Belgian political activist

Paul Hoornaert (5 November 1888 - 2 February 1944) was a Belgian far right political activist. Although a pioneer of fascism in the country he was an opponent of German Nazism and, after joining the Belgian Resistance during the German occupation, died in Nazi custody.

==Early years==
Hoornaert was born in Liège to a middle class Catholic family and studied at the University of Liège, completing his doctorate in law in 1910. A lawyer by profession, Hoornaert was a veteran of the First World War where his combat record was highly distinguished.

==National Legion==
A strong admirer of Benito Mussolini, but equally demonstrating a staunch hatred of Germany, Hoornaert was a member of the far right veterans' group National Legion (Légion Nationale, Nationaal Legioen) which was established in Liège in 1922. Initially a minor group it grew rapidly from 1927 when Hoornaert became leader and converted it into a paramilitary militia. Under Hoornaert's leadership the 4,000-strong group, who wore a blue-shirted uniform in common with other European fascist groups, became associated with a militant Belgian nationalism, rejecting emphasis on both Flemish and Walloon identities in favour of a united Belgium. Other important ideological aspects included anti-communism, opposition to liberalism, and the parliamentary system. As Legion leader Hoornaert participated in the 1934 Montreux Fascist conference, campaigned in support of the Italian invasion of Ethiopia (1935–37) and raised volunteers for the Nationalists in the Spanish Civil War (1936–39).
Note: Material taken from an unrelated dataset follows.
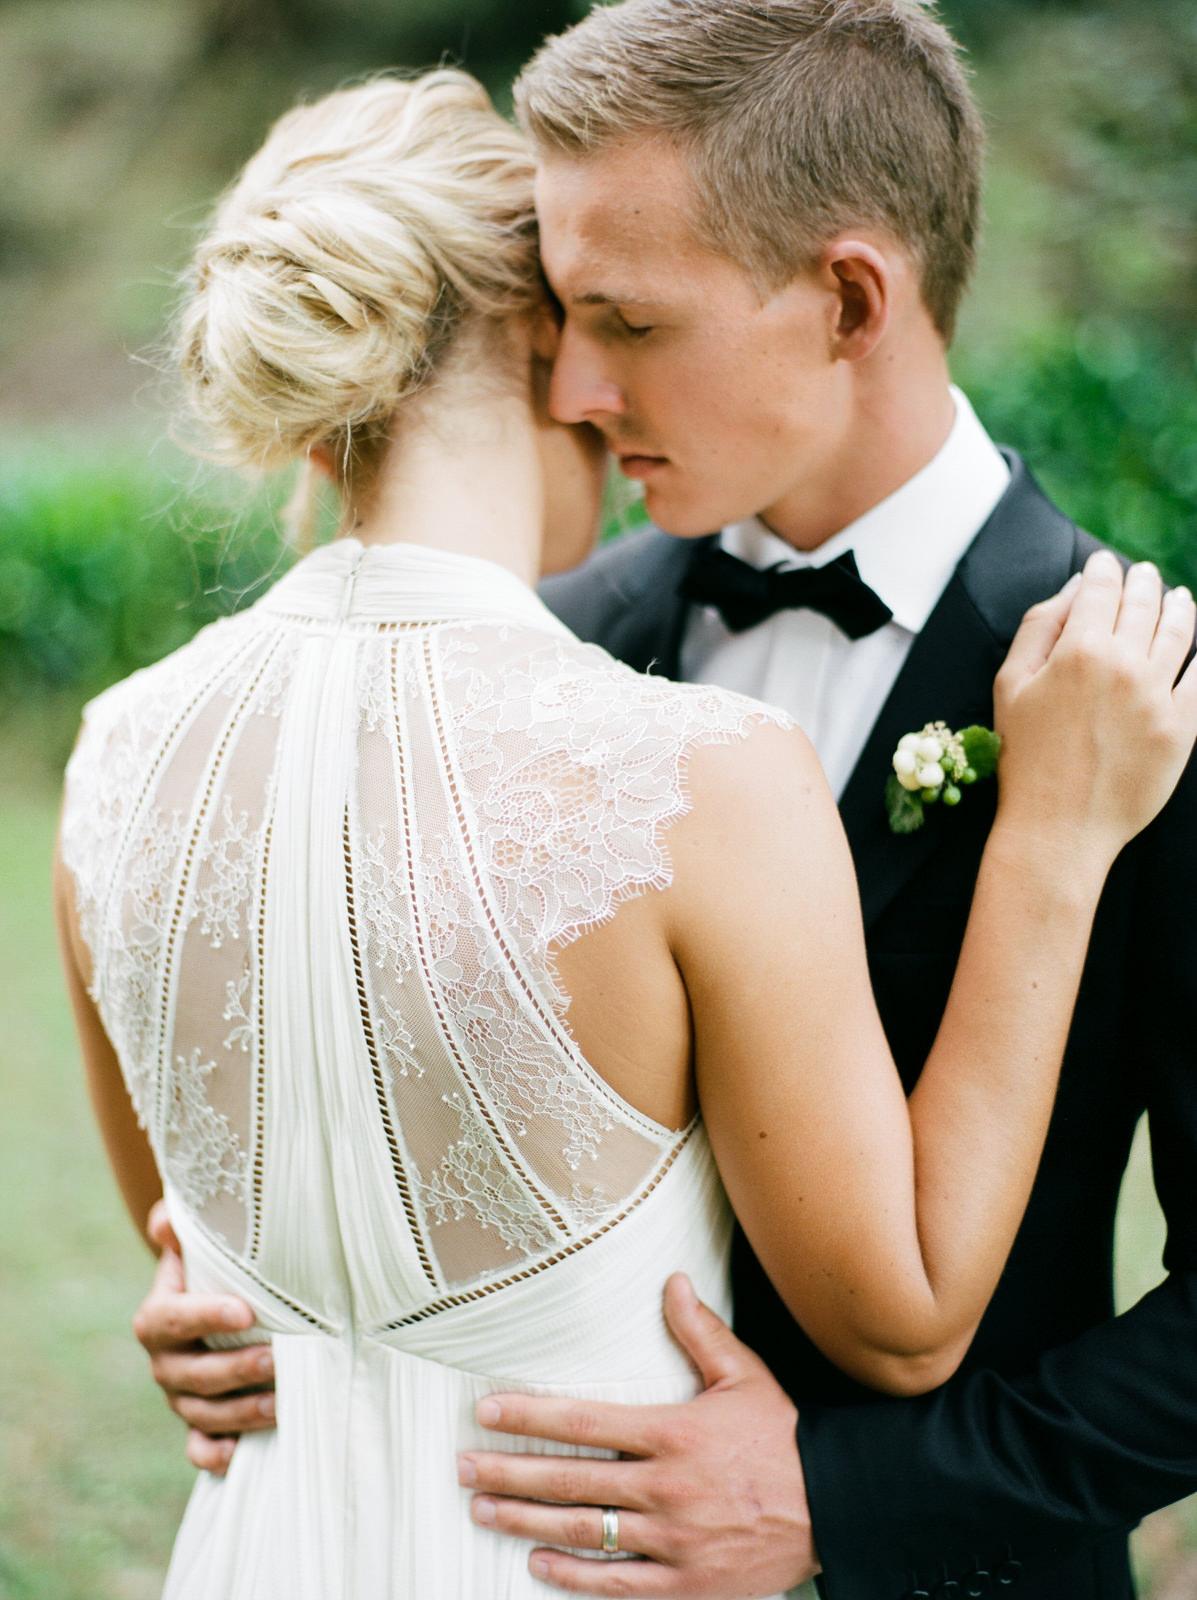 waop_theriftbowral_elopement-0443 (1).jpg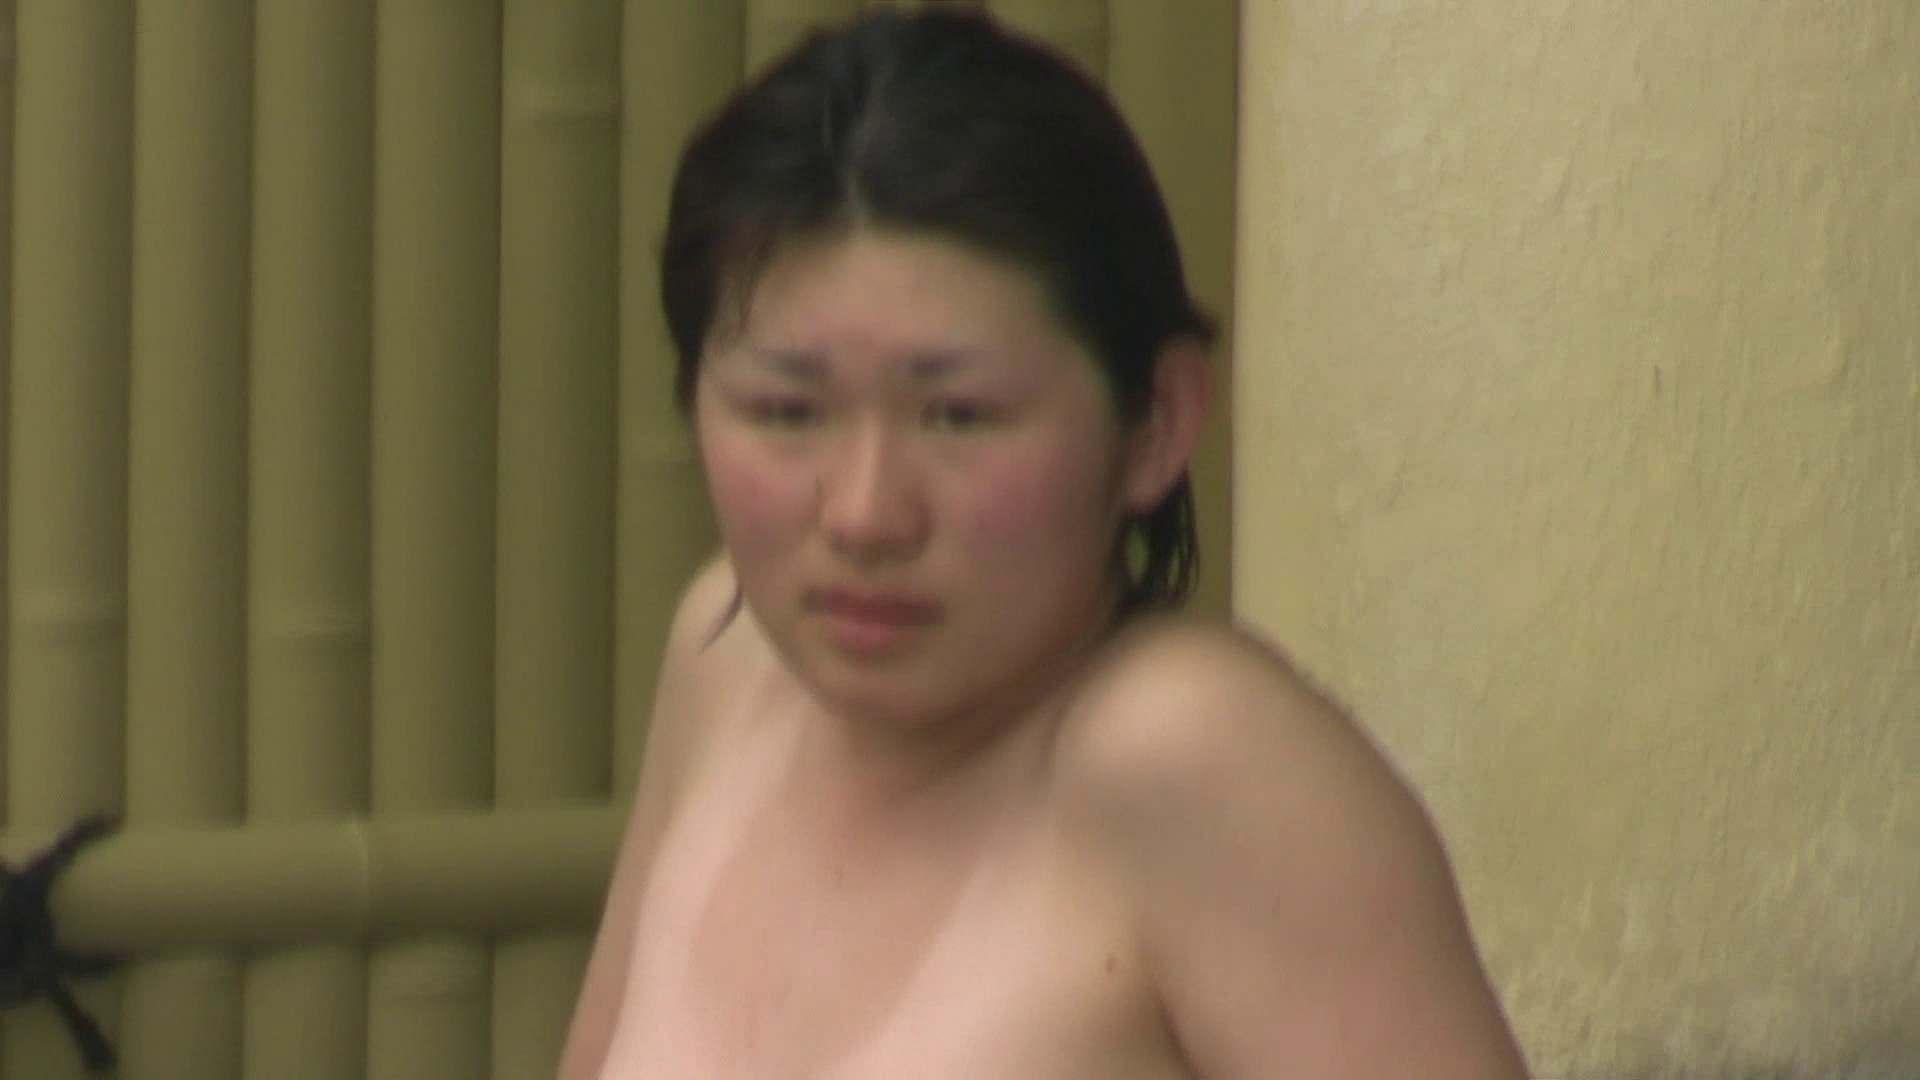 Aquaな露天風呂Vol.673 美しいOLの裸体   盗撮師作品  99pic 28

The militia, which staunchly opposed Rexism despite sharing some aims, was strongly opposed to political party activity and for this reason Hoornaert broke from his sometime supporter, the writer Pierre Nothomb when he returned to the Catholic Party. His opponent Léon Degrelle suggested that Hoornaert never had more than 300 followers although more recent estimates have suggested that the Legion commanded as many as 7000 members by the early 1930s. He has been compared to Georges Valois in leading a pioneer fascist movement that rejected Nazism and instead took its impetus from the likes of Charles Maurras whilst drawing on disaffected ex-servicemen for its membership.

As well as leading the Legion Hoornaert was also briefly involved with the National Corporate Workers' Union (Nationaal Corporatief Arbeidsverbond, or NACO), a group set up by industrialist Charles Somville in June 1933. Hoornaert was a founder member of this group, although he and Somville clashed and became bitter rivals, partly because Somville feared that Hoornaert wanted to swallow up NACO in the Legion and partly because he was not enthusiastic about Somville's pet project, anti-Semitism. In 1940 he co-operated with Joris Van Severen, with an attempt made to merge the Legion with Van Severen's Verdinaso based on a shared loyalty to Leopold III of Belgium although the attempt was not a success.

==Later years==
Following the German invasion Hoornaert was forced underground after the Nazis outlawed his militia. As a consequence he joined the Légion Belge, a far right resistance movement led by dissident Rexists who opposed the occupation of Belgium. For his activity in this group Hoornaert was arrested by the Germans in 1942 and died in the prison of Sonnenburg on 2 February 1944. His spell in the resistance saw Hoornaert awarded the Croix de guerre by France.